▶ REQUIRED ACTION: Somewhere below is a line with "<p>What? Founded by" and, later, a line with "<p>Why visit? The"; repeat those two lines and all the lines between them, exactly as they are.

▶ RECORDS:
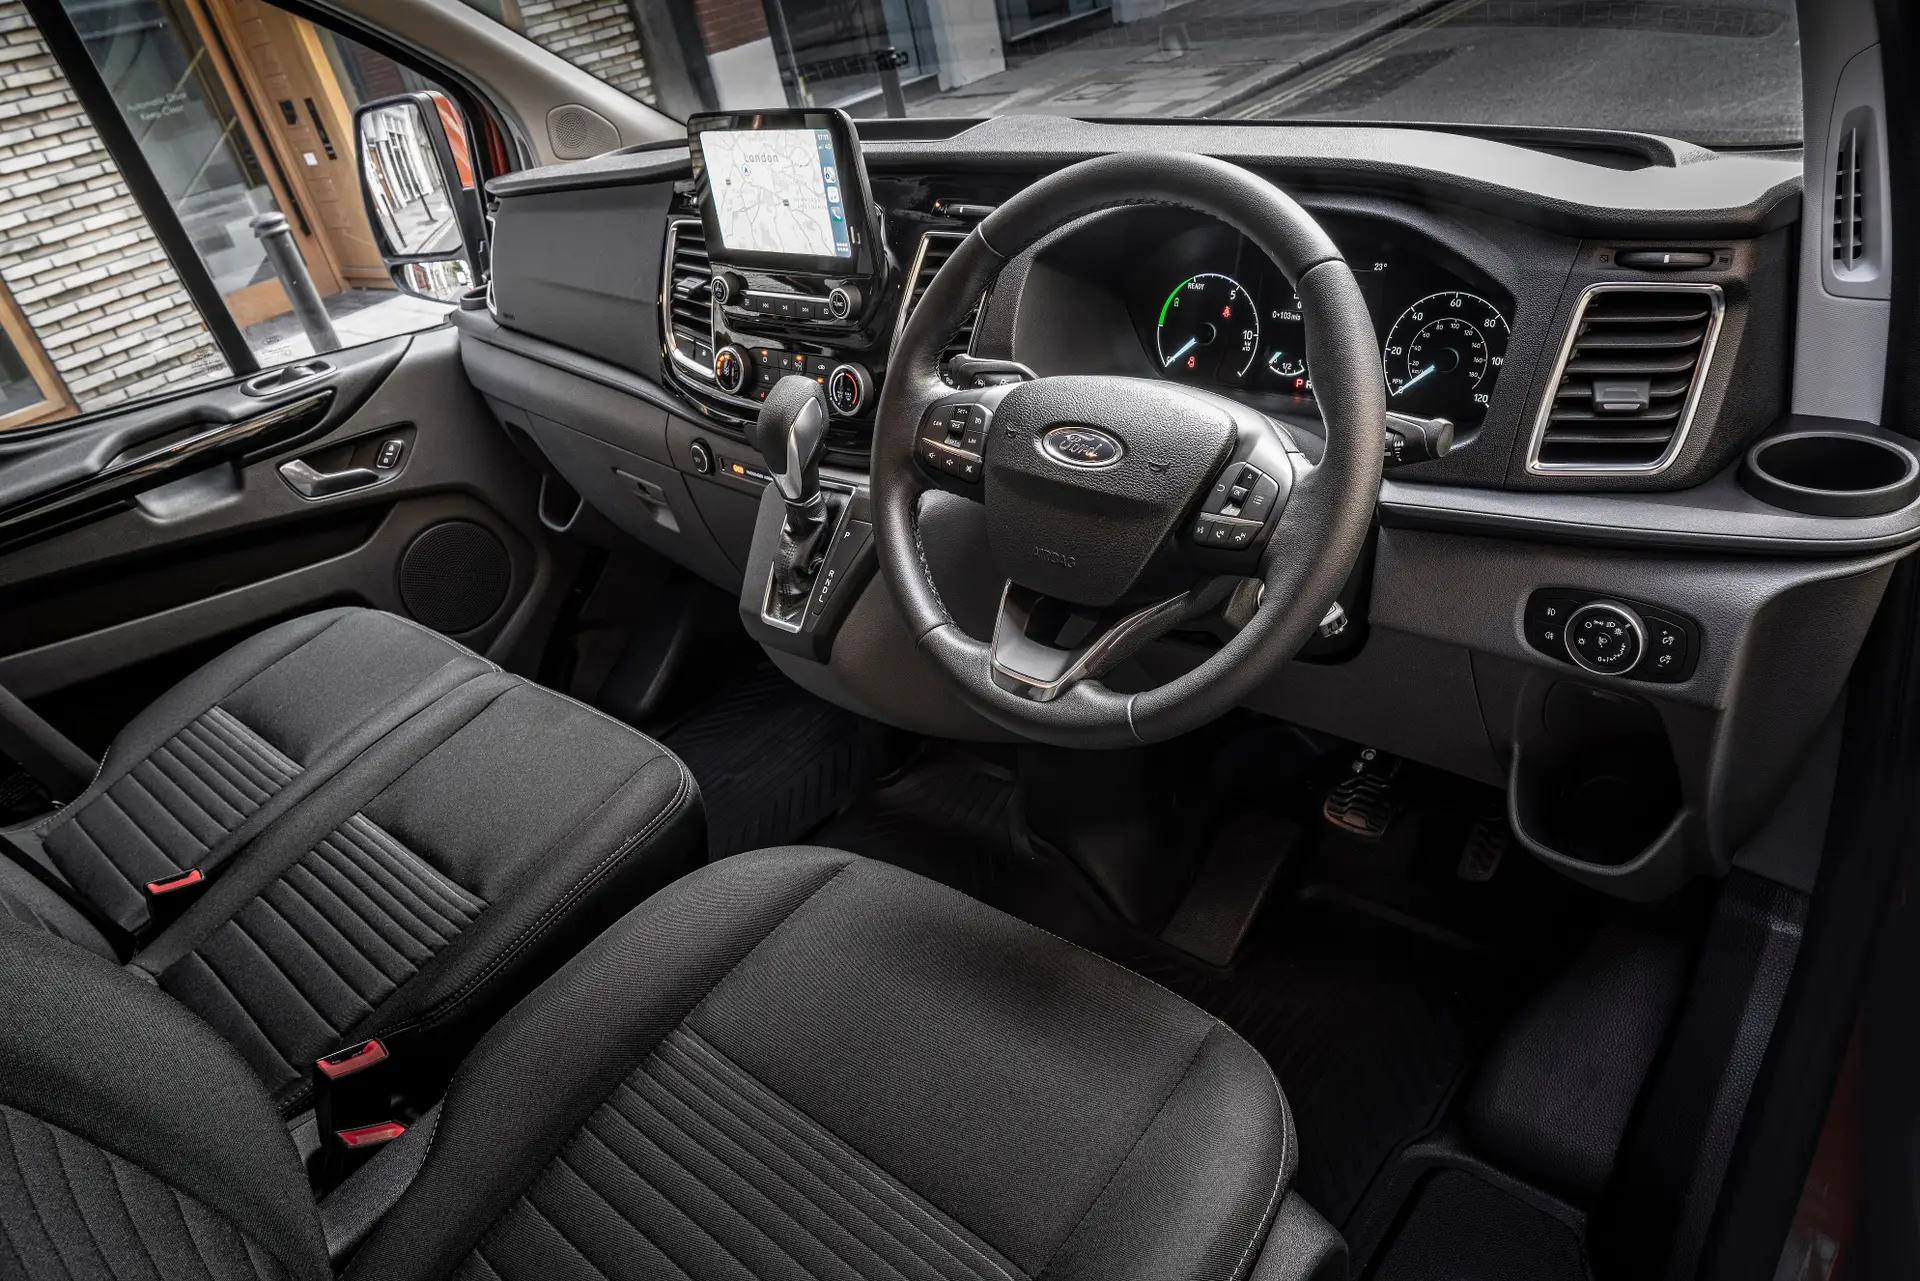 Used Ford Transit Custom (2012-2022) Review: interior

==

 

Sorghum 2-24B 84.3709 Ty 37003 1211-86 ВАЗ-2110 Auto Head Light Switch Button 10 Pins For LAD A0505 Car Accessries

* * *

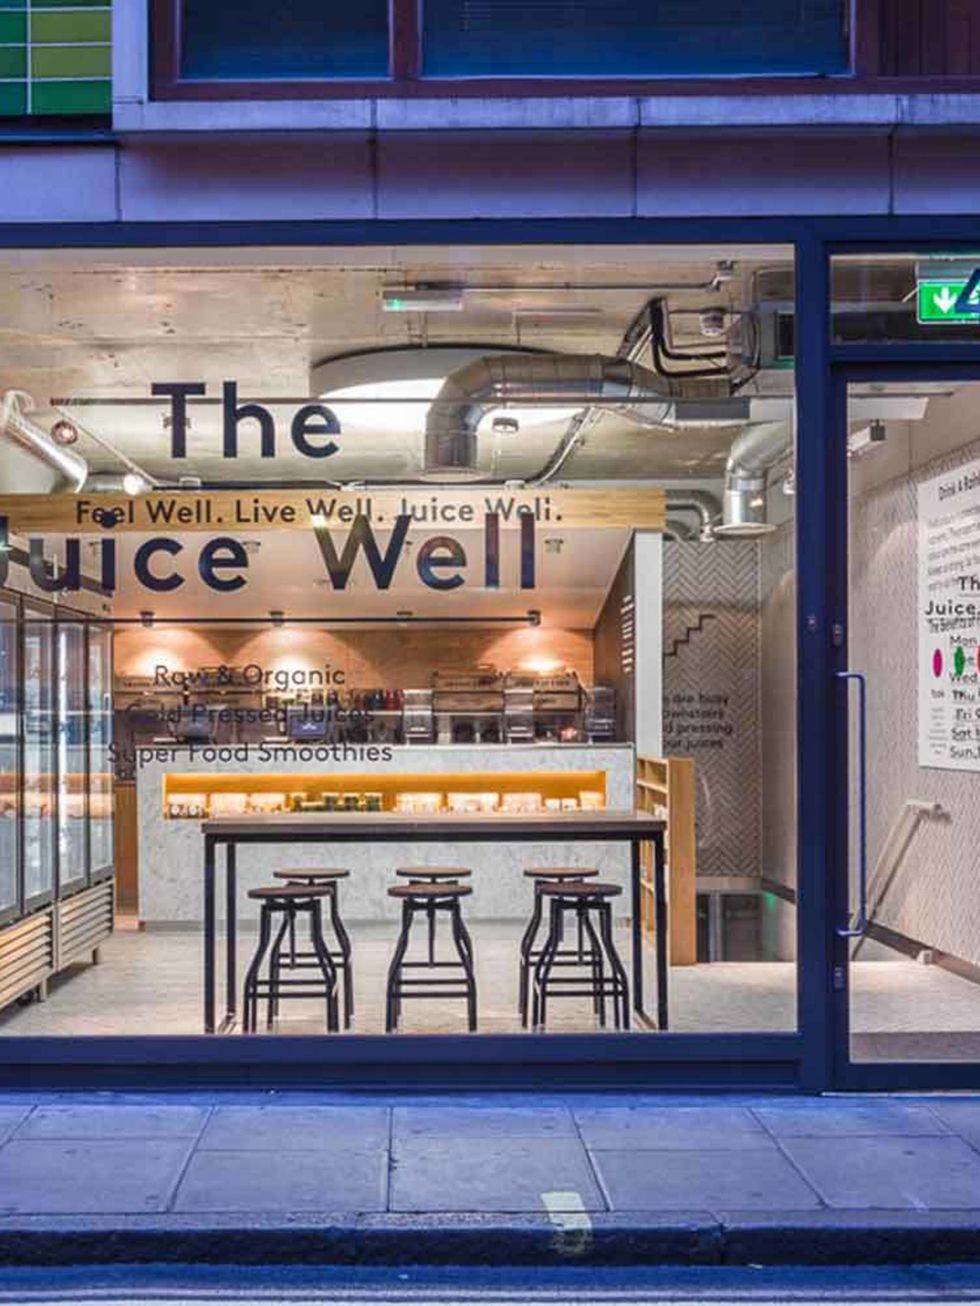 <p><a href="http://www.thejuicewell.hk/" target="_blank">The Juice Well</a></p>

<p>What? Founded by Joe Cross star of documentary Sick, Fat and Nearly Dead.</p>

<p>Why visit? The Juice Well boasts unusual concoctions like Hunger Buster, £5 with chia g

▶ TASK SOLUTION:
<p>What? Founded by Joe Cross star of documentary Sick, Fat and Nearly Dead.</p>

<p>Why visit? The Juice Well boasts unusual concoctions like Hunger Buster, £5 with chia g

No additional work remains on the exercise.